Astudillo L
Service de médecine interne, CHU Purpan, Toulouse cedex, France.
Rev Med Interne. 2010 Nov;31(11):757-65. doi: 10.1016/j.revmed.2010.01.011. Epub 2010 Jun 3.
Kikuchi-Fujimoto disease is a necrotizing lymphadenitis, involving young patients, predominantly females. Lymphadenopathy is usually localized, particularly in the cervical area, mostly unilateral and tender. Fever is present in one third of cases. Associated skin lesions, arthralgia, myalgia, splenomegaly or hepatomegaly are rare. Laboratory evaluation shows a slight increase of erythrocyte sedimentation rate and leukopenia. Kikuchi-Fujimoto has been reported in association with other diseases, including systemic lupus, Still's disease, hemophagocytosis, pregnancy, other autoimmune diseases, and cancer. A viral or bacterial origin has been suspected but not confirmed. Lymph node biopsy allows the diagnosis and shows necrotizing lymphadenitis with acidophil necrosis, CD68+ histiocyte infiltrate, presence of plasmacytoid monocytes, multiple apoptotic cells (CD8+ T cell) with nuclear dust, immunoblastic reaction and the absence of neutrophils or eosinophils. The disease course is usually spontaneously favourable in few weeks or months, requiring corticosteroids only occasionally.
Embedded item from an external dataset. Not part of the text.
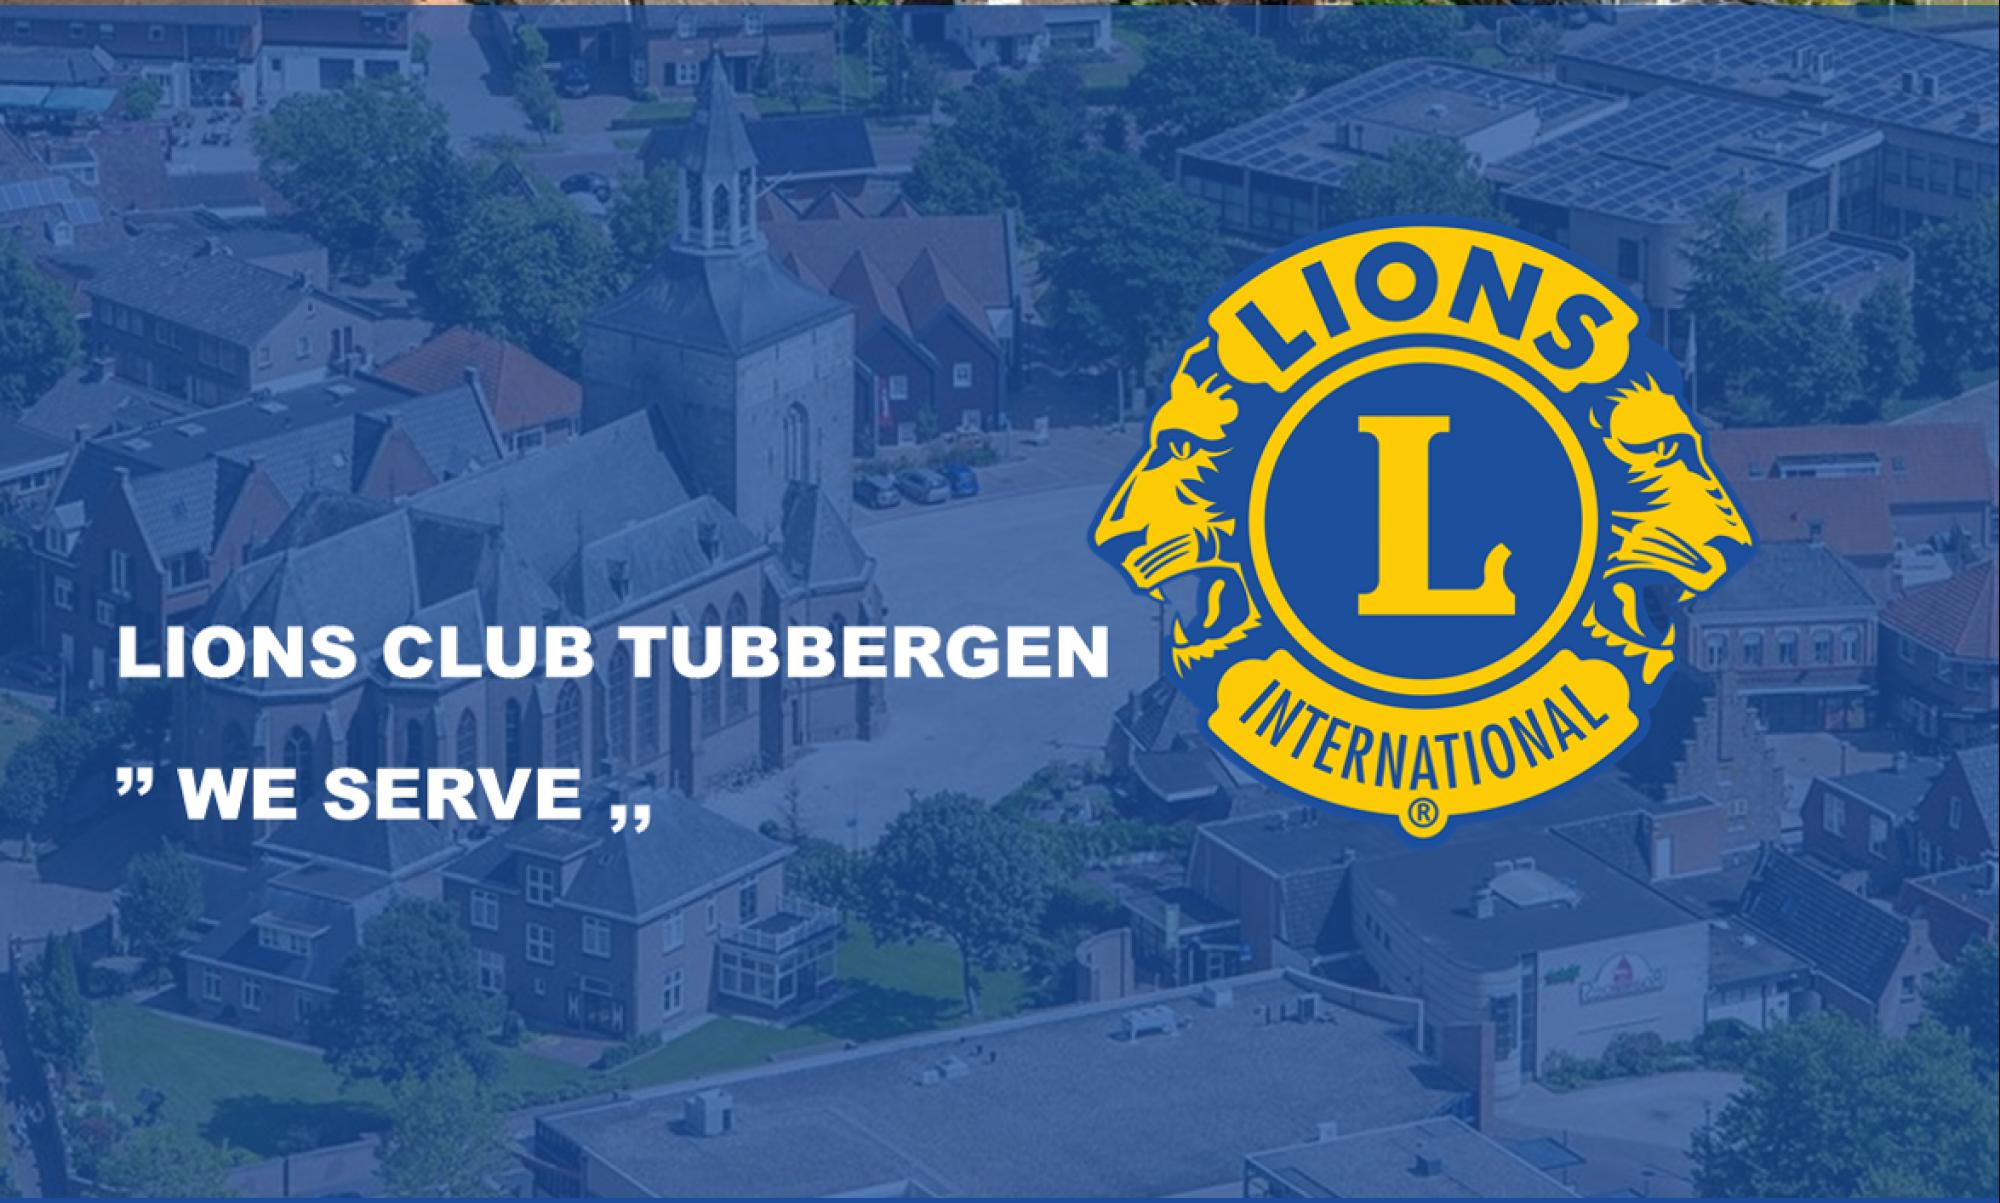 Lions Club Tubbergen

菊池-藤本病是一种坏死性淋巴结炎,多见于年轻患者,以女性为主。淋巴结病通常局限,尤其在颈部,多为单侧且有压痛。三分之一的病例有发热。相关的皮肤病变、关节痛、肌痛、脾肿大或肝肿大罕见。实验室检查显示红细胞沉降率略有升高和白细胞减少。菊池-藤本病已被报道与其他疾病有关,包括系统性红斑狼疮、斯蒂尔病、噬血细胞综合征、妊娠、其他自身免疫性疾病和癌症。曾怀疑有病毒或细菌起源,但未得到证实。淋巴结活检可确诊,显示坏死性淋巴结炎伴嗜酸性坏死、CD68+组织细胞浸润、浆细胞样单核细胞存在、多个凋亡细胞(CD8+T细胞)伴核尘、免疫母细胞反应且无中性粒细胞或嗜酸性粒细胞。该病病程通常在数周或数月内自发好转,仅偶尔需要使用皮质类固醇。